Editor’s Note: This deep dive covers two distinct entities sharing the "Adept" name in the current tech landscape. As of late 2026, the market has bifurcated into **Synergis Software’s Adept* (engineering document management) and Adept Labs’ ACT-1/ACT-2 (agentic UI automation). This article synthesizes data from both sectors to provide a comprehensive view of the "Adept" brand impact on enterprise software and developer workflows.*


Company Overview

The term "Adept" currently dominates two critical but distinct verticals in the enterprise software stack: Engineering Document Management and Agentic UI Automation. Understanding the distinction is vital for developers and CTOs navigating the 2026 AI landscape.

1. Synergis Software (Adept Cloud & Adept Platform)

  • Mission: To eliminate infrastructure overhead for engineering organizations by providing secure, compliant, and integrated document management systems.
  • Key Products:
    • Adept Cloud: A fully managed, cloud-native SaaS engineering document management system (EDMS).
    • Adept (On-Prem): The award-winning legacy platform.
    • Adept AI: Built-in artificial intelligence capabilities within the Adept Cloud ecosystem.
    • Adept Catalyst: A governed collaboration gateway connecting Adept with Microsoft SharePoint.
  • Founding Story: Synergis Software has been a leader in this space for over 35 years.
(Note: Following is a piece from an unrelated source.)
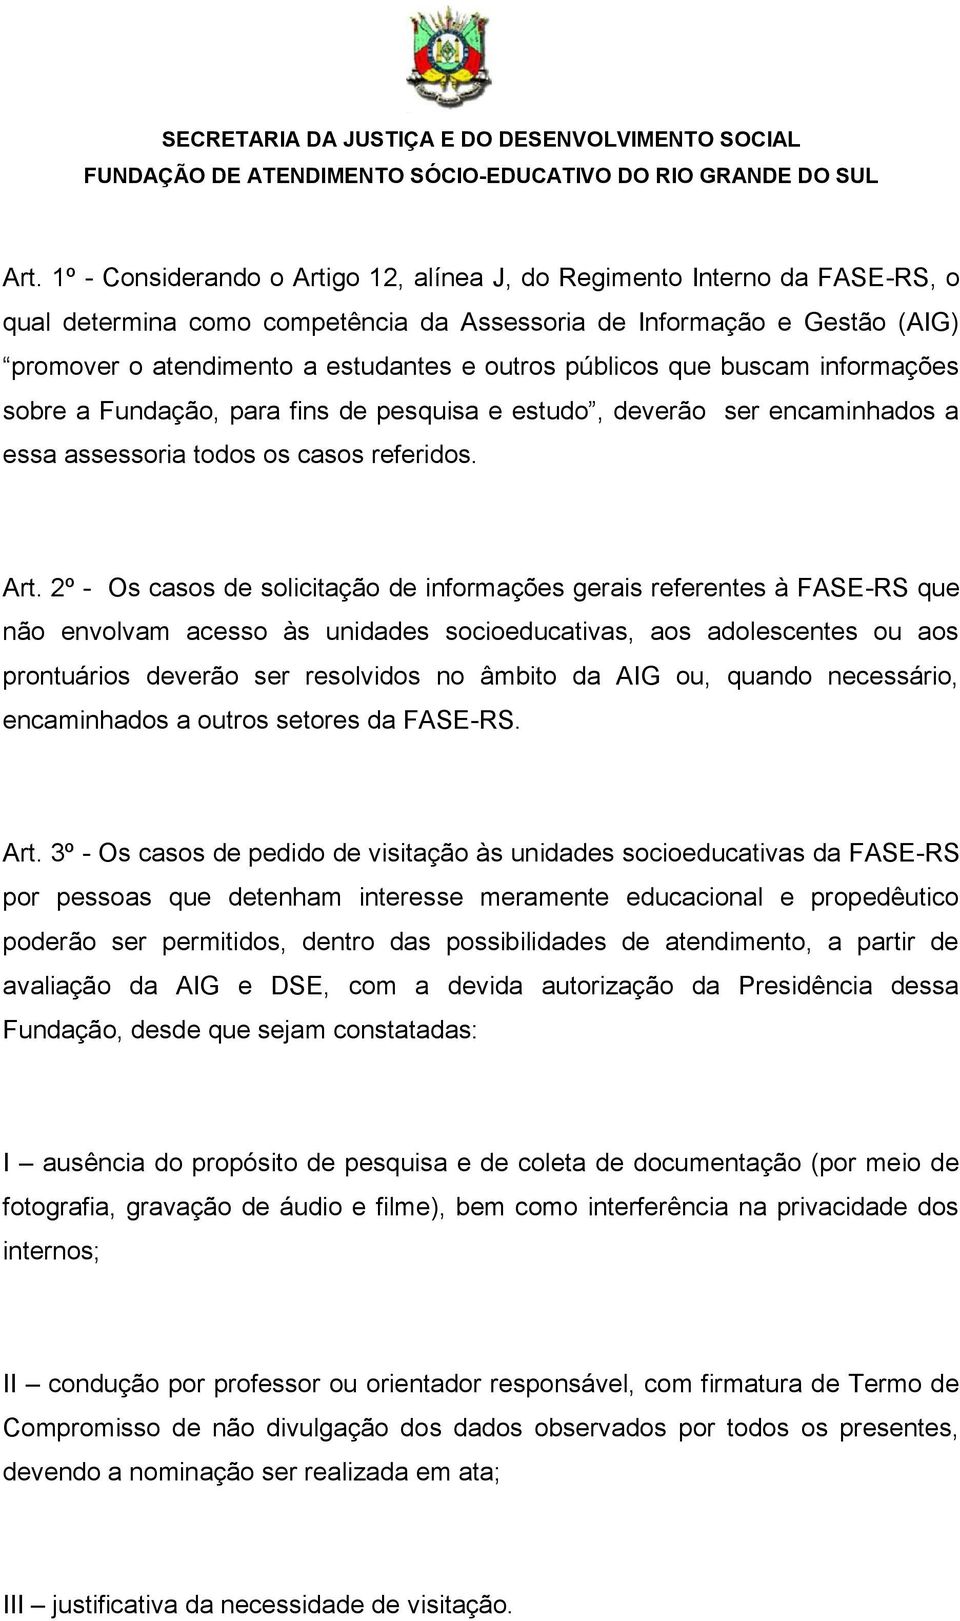 2º - Os casos de solicitação de informações gerais referentes à FASE-RS que não envolvam acesso às unidades socioeducativas, aos adolescentes ou aos prontuários deverão ser resolvidos no âmbito da

The recent pivot to cloud-native represents their largest product launch in company history.
  • Team & Funding: While specific headcount isn't disclosed in recent press releases, their 35-year tenure suggests a mature, stable workforce. They are backed by significant enterprise traction, evidenced by their inclusion in G2’s 2026 Best Software Awards.
  • Target Audience: Asset-intensive organizations (manufacturing, energy, aerospace) where regulatory compliance and operational safety are paramount.
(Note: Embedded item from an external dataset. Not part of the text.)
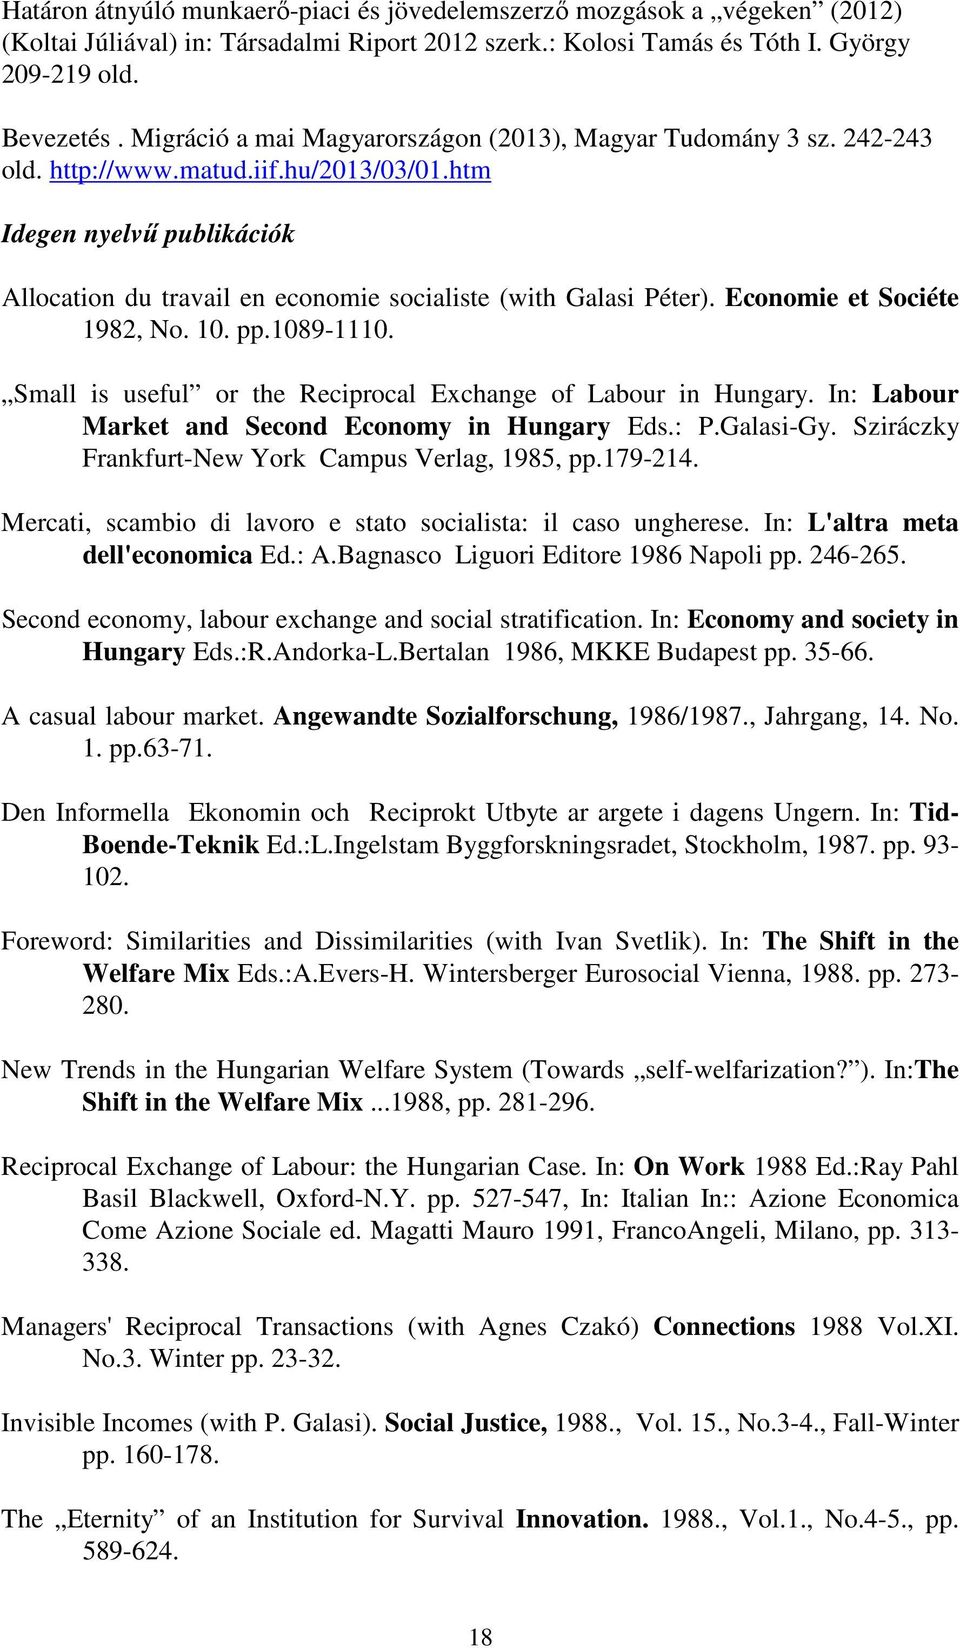 htm Idegen nyelvő publikációk Allocation du travail en economie socialiste (with Galasi Péter). Economie et Sociéte 1982, No. 10. pp.1089-1110.

2. Adept Labs (ACT-1 / ACT-2)

  • Mission: To create general intelligence that enhances human-computer collaboration by allowing AI to interact with computer interfaces just like a human.
  • Key Products:
    • ACT-1: The flagship model capable of reading screens, recognizing buttons, and executing multi-step tasks across applications (Salesforce, Gmail, Chrome) without API dependencies.
    • Action Models: Proprietary models trained on user interface interactions.
  • Founding Story: Founded by David Luan, an early OpenAI employee who led the engineering team before becoming a tech lead. Luan has been riding the LLM wave since its early days, bringing deep expertise in large-scale model development.
  • Funding & Status: As of May 2026, Adept Labs remains in private beta. Pricing is not publicly released, though industry speculation suggests an enterprise-focused subscription model. They are positioned as a "ML research and product lab."
  • Target Audience: Business operations, sales teams, support staff, and power users seeking to automate repetitive digital workflows.

Latest News & Announcements

The month of May 2026 marked a watershed moment for the Adept brand, particularly for Synergis Software, while Adept Labs continues to refine its agentic capabilities.
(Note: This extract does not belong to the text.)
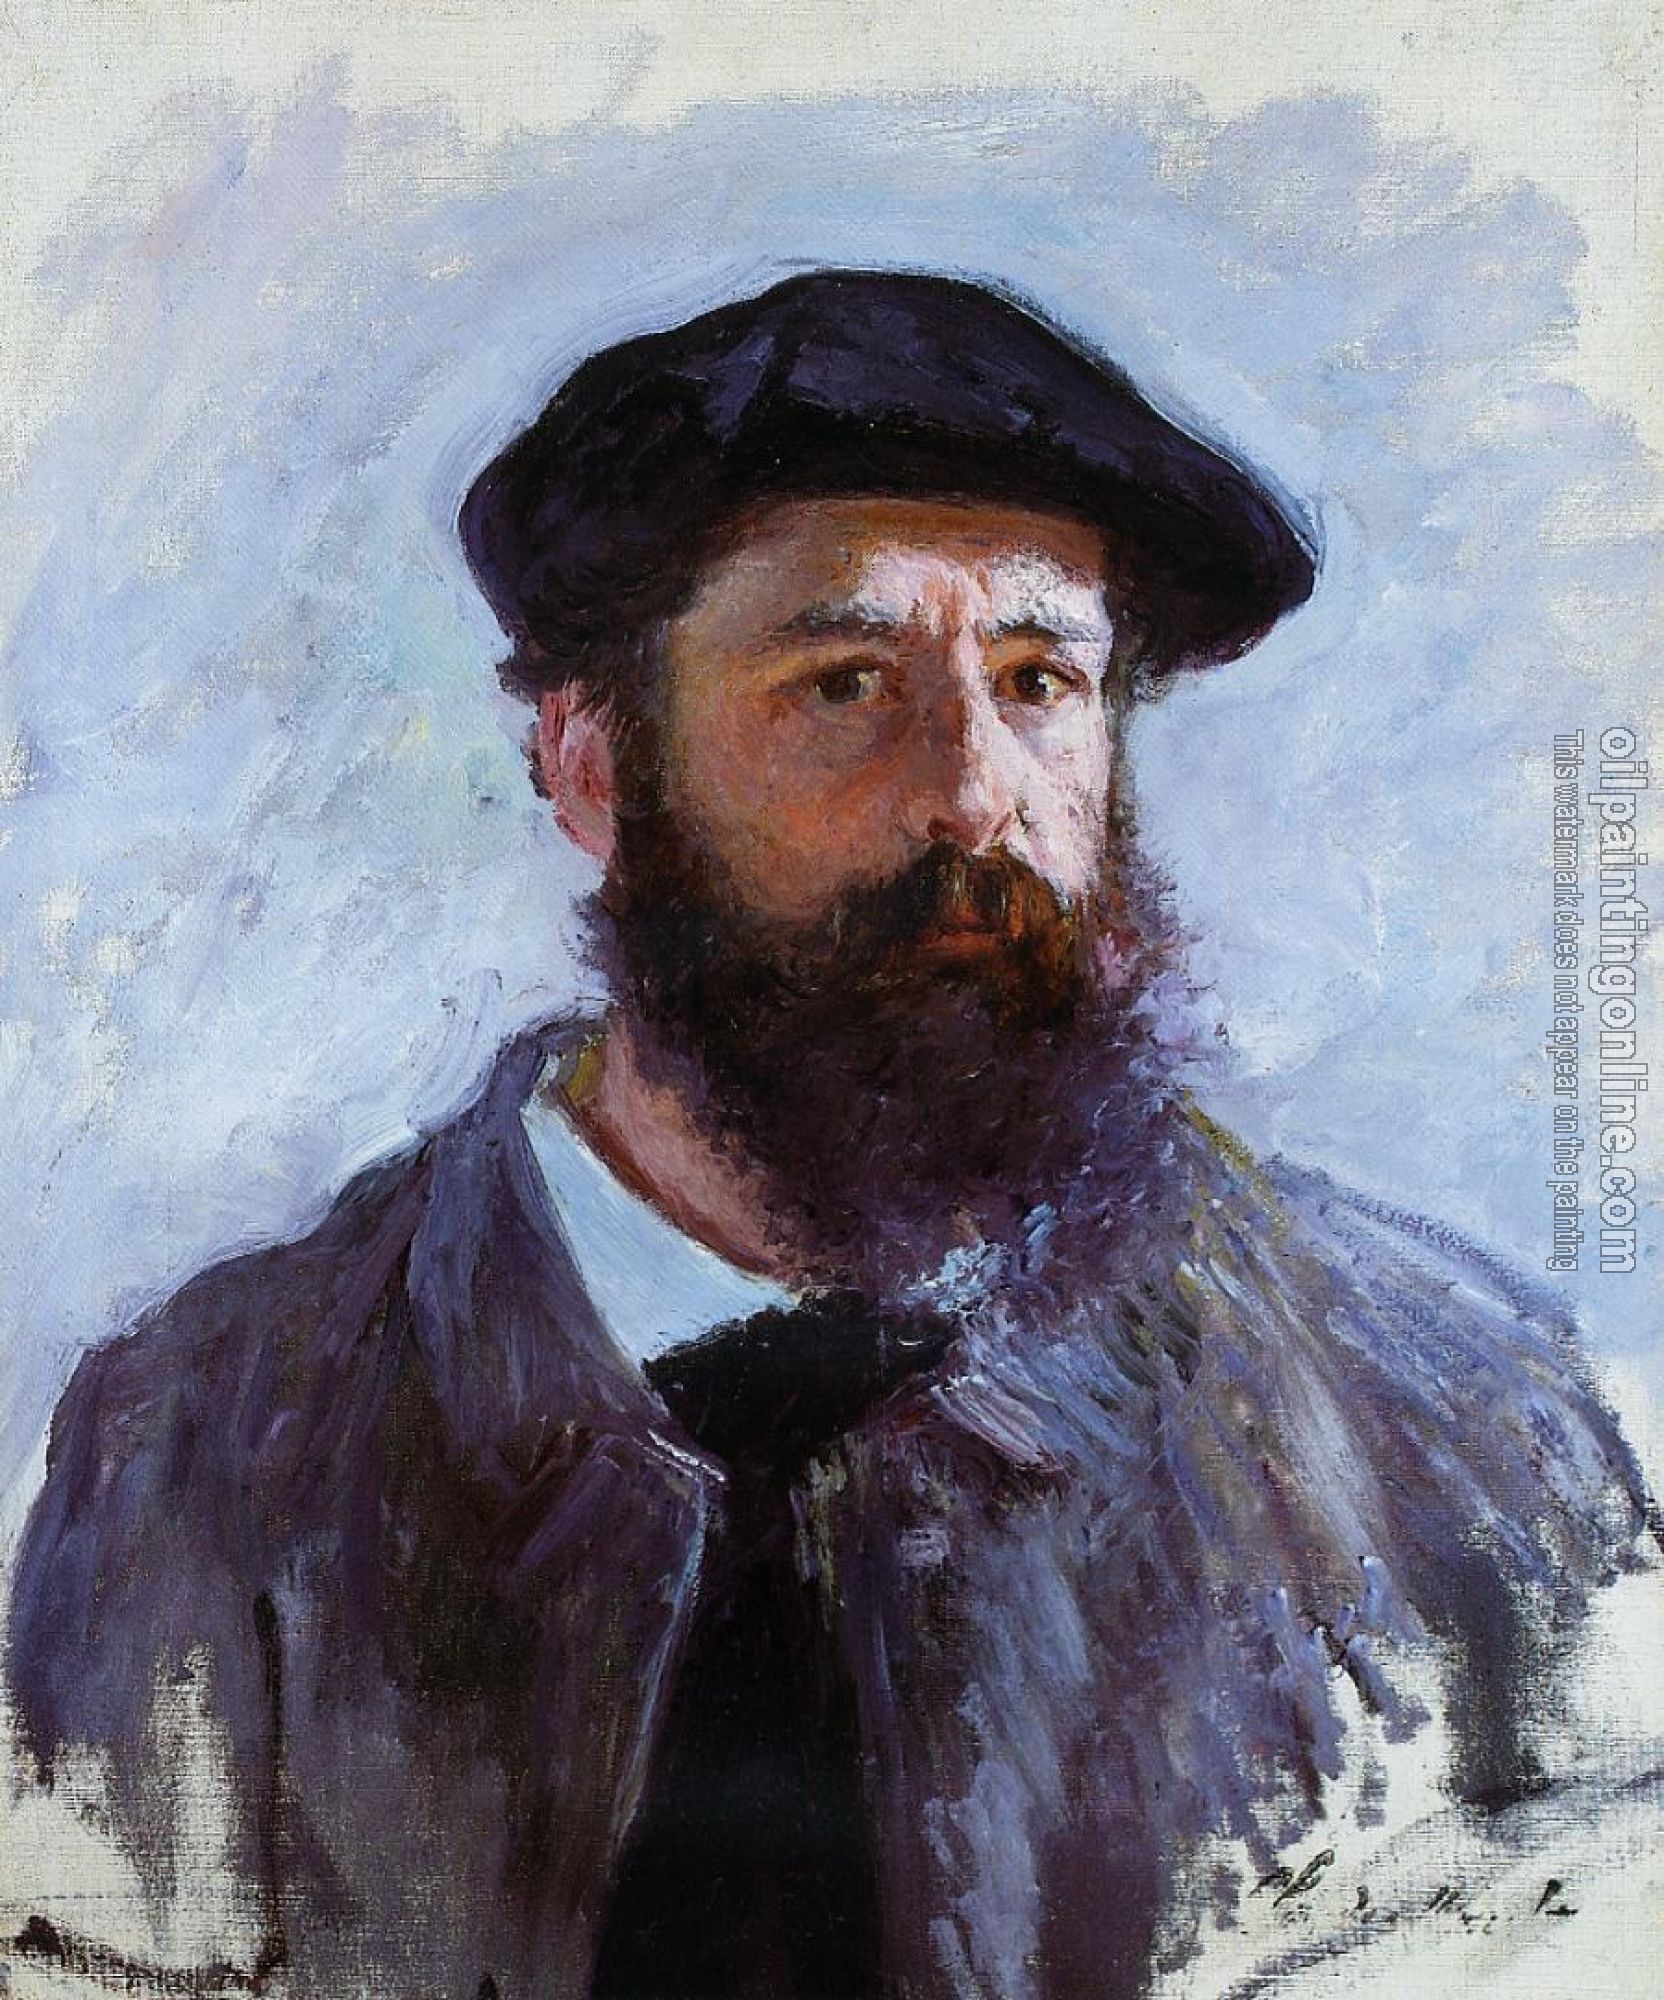 Monet, Claude Oscar - Self Portrait with a Beret

  • Synergis Software Opens Adept Experience 2026 With the Largest Product Launch in Company History

    • Summary: On May 20, 2026, Synergis Software unveiled its most significant announcements in 35 years at its annual customer conference. The centerpiece was the General Availability (GA) of Adept Cloud, joining their existing on-premise platform. Also introduced were Adept AI (built-in AI capabilities), Adept Catalyst (SharePoint integration), and next-generation SOLIDWORKS integration.
    • Source: Yahoo Finance / PRNewswire
    • Source: The Globe and Mail
  • Adept AI Review: Is This the Future of Automation?

    • Summary: Fritz.ai published a comprehensive review of Adept Labs' approach. The reviewer highlights that unlike ChatGPT which gives advice, ACT-1 does the work. It mimics human interaction by moving mice and clicking buttons, making it tool-agnostic. However, the review notes limitations: it is still in beta, lacks transparent pricing, and requires human oversight for complex tasks.
    • Source: Fritz AI Review
  • Product-Led AI: Adept CEO David Luan on Upleveling Workflows

    • Summary: In a YouTube interview, CEO David Luan discussed the vision behind Adept Labs. Drawing from his background as an early OpenAI engineer, Luan emphasized building "general intelligence" rather than narrow task bots. The focus is on creating an AI teammate that understands context across multiple applications.
    • Source: YouTube: Product-Led AI
  • Adept AI – AI Tool Review | AISonar

    • Summary: AISonar categorizes Adept AI as an innovative ML research lab focused on human-computer collaboration. The platform is described as a versatile solution for diverse use cases, blending AI research with practical product design. It utilizes natural language processing to allow conversational control over computer tasks.
    • Source: AISonar
  • How to Use Adept AI: The Ultimate Guide (2026)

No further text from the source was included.